In [1]:
import torch
from accelerate import Accelerator
from functions import get_model

model, _, _ = get_model()

#分卷保存模型参数
Accelerator().save_model(model,
                         'model/accelerator.save_model',
                         max_shard_size='500MB',
                         safe_serialization=True)

model.classifier.weight

Detected kernel version 3.10.0, which is below the recommended minimum of 5.5.0; this can cause the process to hang.
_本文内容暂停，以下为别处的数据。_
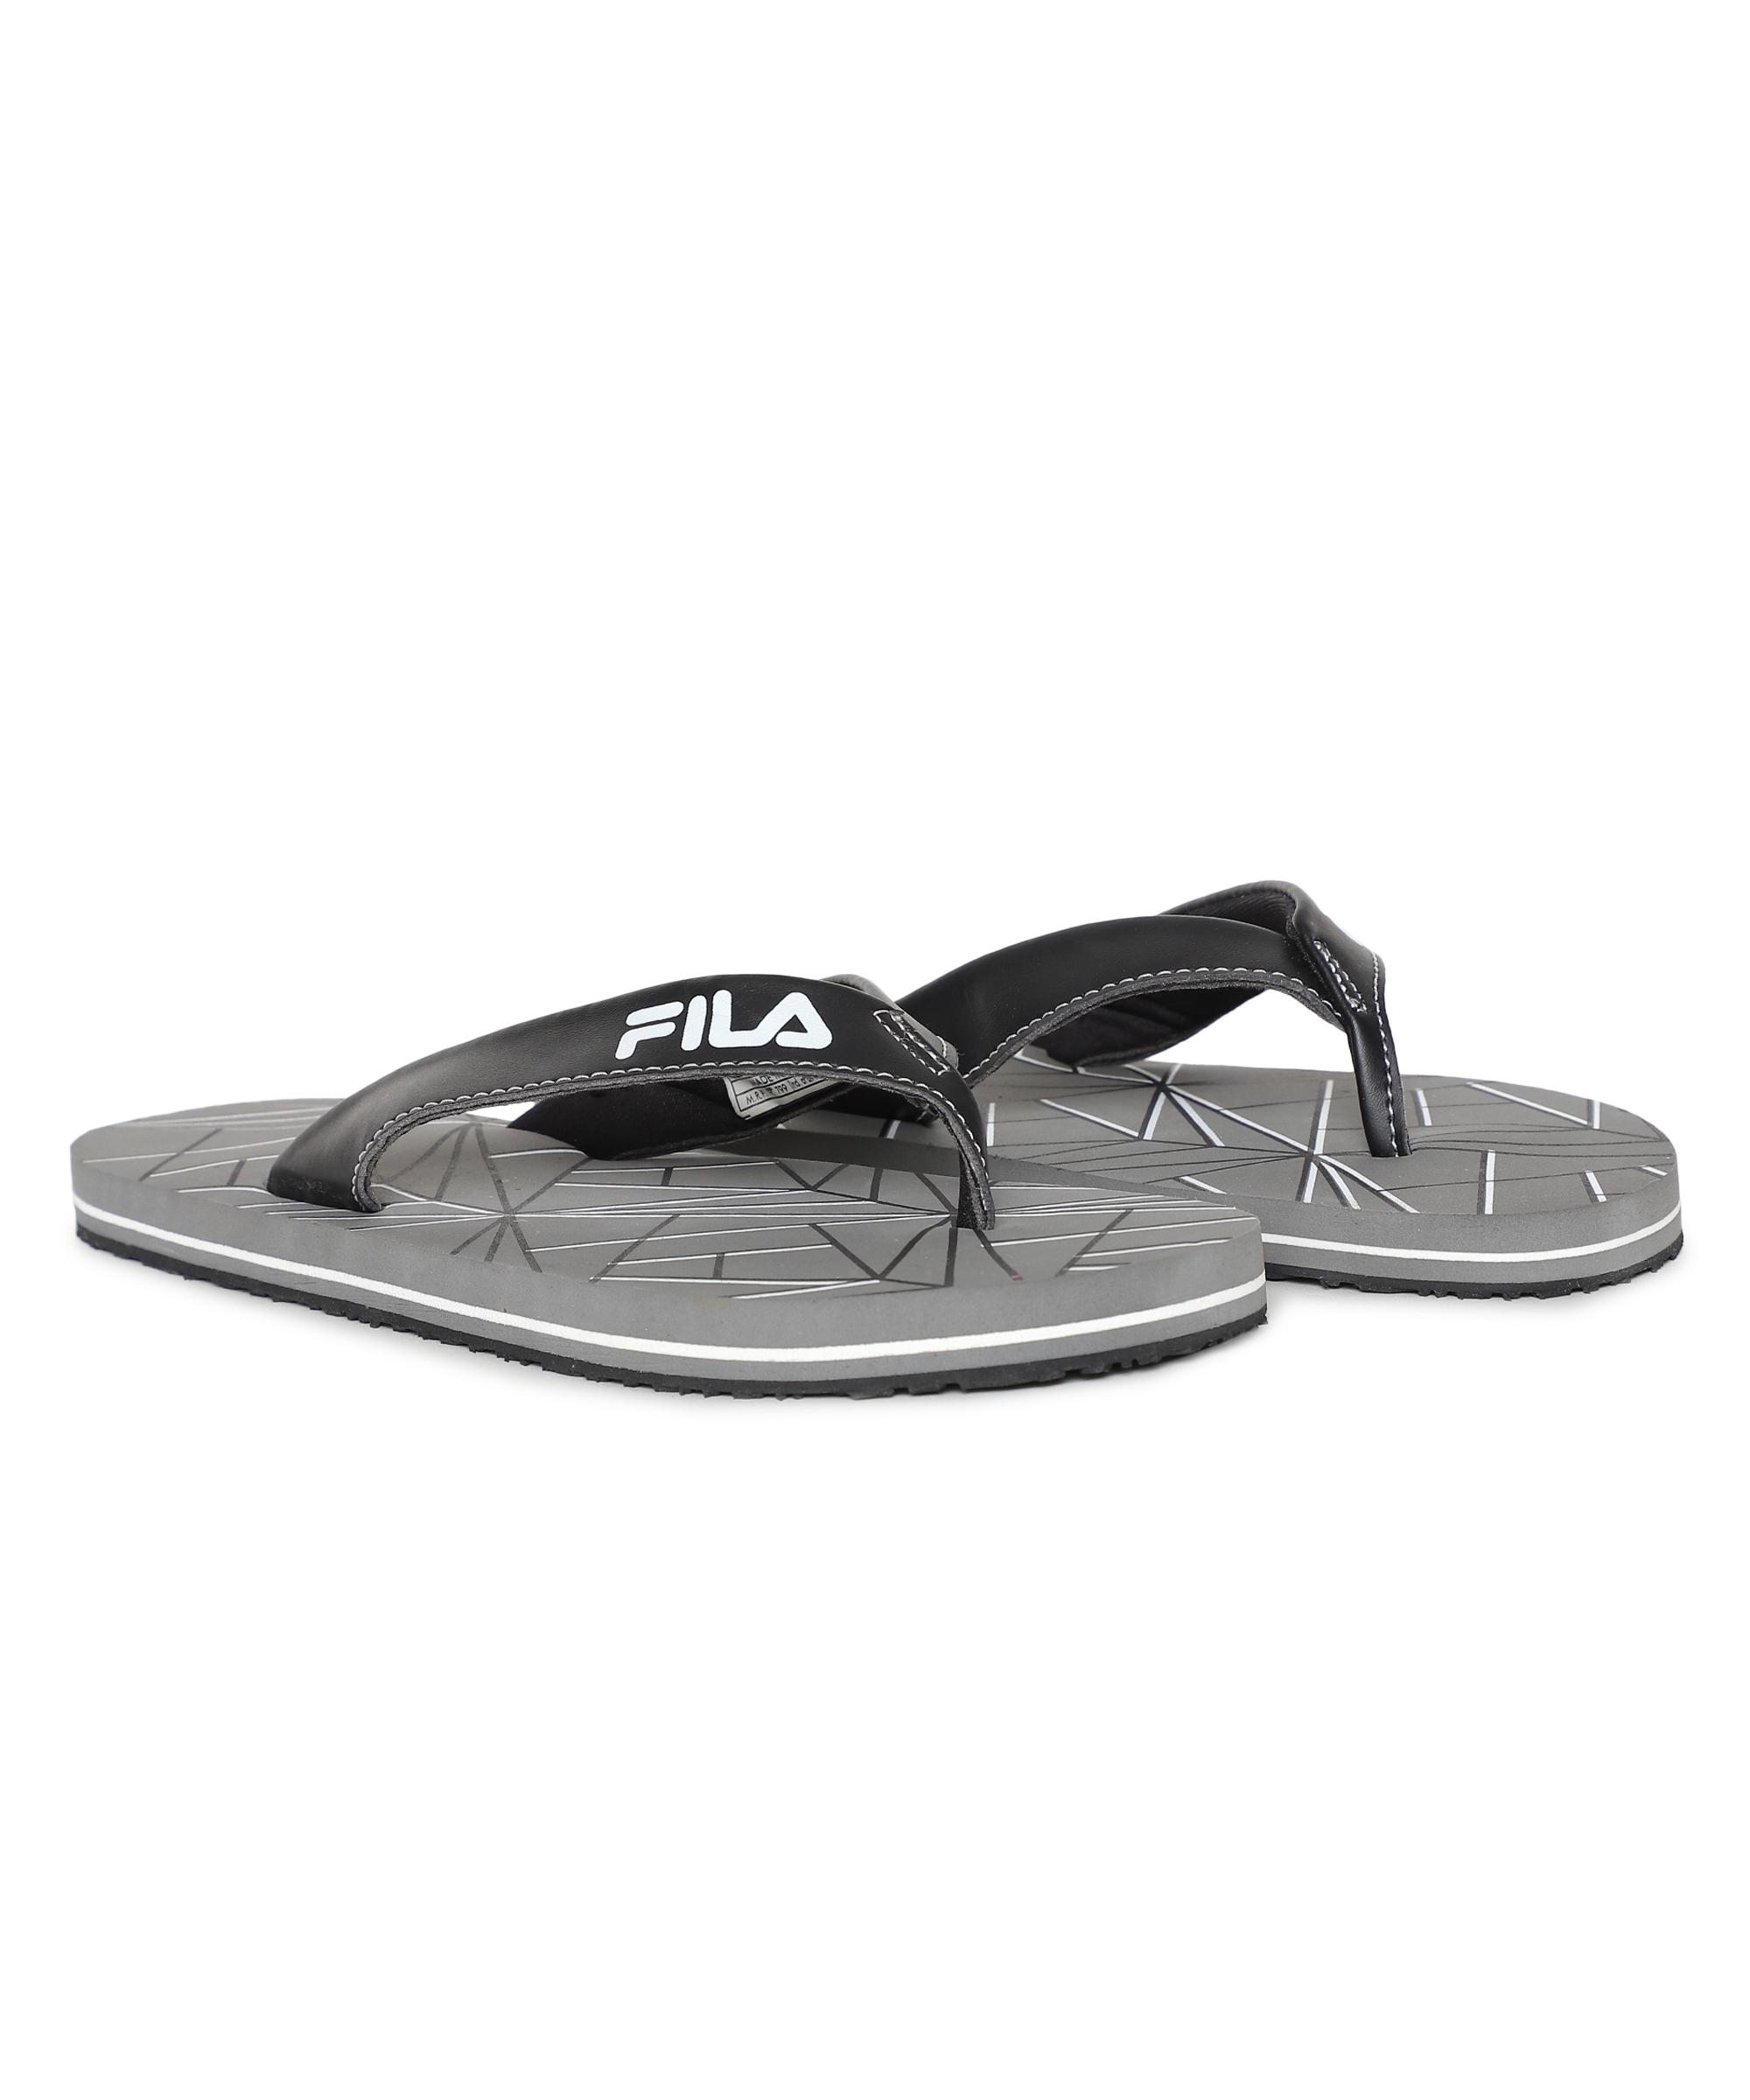 FILA | Grey Casual Lace-ups

It is recommended to upgrade the kernel to the minimum version or higher.


Parameter containing:
tensor([[ 0.0083, -0.0032,  0.0090,  ..., -0.0094, -0.0195, -0.0106],
        [ 0.0328,  0.0008, -0.0473,  ..., -0.0041,  0.0306, -0.0190],
        [-0.0062, -0.0369, -0.0352,  ..., -0.0250, -0.0268,  0.0037],
        ...,
        [-0.0247,  0.0047, -0.0030,  ...,  0.0281,  0.0045, -0.0040],
        [ 0.0285,  0.0244,  0.0216,  ...,  0.0085,  0.0094, -0.0250],
        [ 0.0051, -0.0237,  0.0188,  ...,  0.0097,  0.0214,  0.0038]],
       requires_grad=True)

In [2]:
from accelerate import load_checkpoint_in_model

model, _, _ = get_model()

#直接加载模型参数
load_checkpoint_in_model(model, 'model/accelerator.save_model')

model.classifier.weight

Parameter containing:
tensor([[ 0.0083, -0.0032,  0.0090,  ..., -0.0094, -0.0195, -0.0106],
        [ 0.0328,  0.0008, -0.0473,  ..., -0.0041,  0.0306, -0.0190],
        [-0.0062, -0.0369, -0.0352,  ..., -0.0250, -0.0268,  0.0037],
        ...,
        [-0.0247,  0.0047, -0.0030,  ...,  0.0281,  0.0045, -0.0040],
        [ 0.0285,  0.0244,  0.0216,  ...,  0.0085,  0.0094, -0.0250],
        [ 0.0051, -0.0237,  0.0188,  ...,  0.0097,  0.0214,  0.0038]],
       requires_grad=True)

In [3]:
from accelerate import init_empty_weights

#构建模型但不初始化参数,这可以节省内存
with init_empty_weights():
    model, _, _ = get_model()

model.classifier.weight

Parameter containing:
tensor(..., device='meta', size=(10, 768), requires_grad=True)

In [4]:
from accelerate import load_checkpoint_and_dispatch

#加载参数
#device_map=auto,自动分配设备,首先会使用显存,然后是内存,最后是磁盘
#这里使用的是手动分配
model = load_checkpoint_and_dispatch(model,
                                     checkpoint='model/accelerator.save_model',
                                     device_map={
                                         'bert': 0,
                                         'dropout': 'cpu',
                                         'classifier': 'disk'
                                     },
                                     offload_folder='offload_folder')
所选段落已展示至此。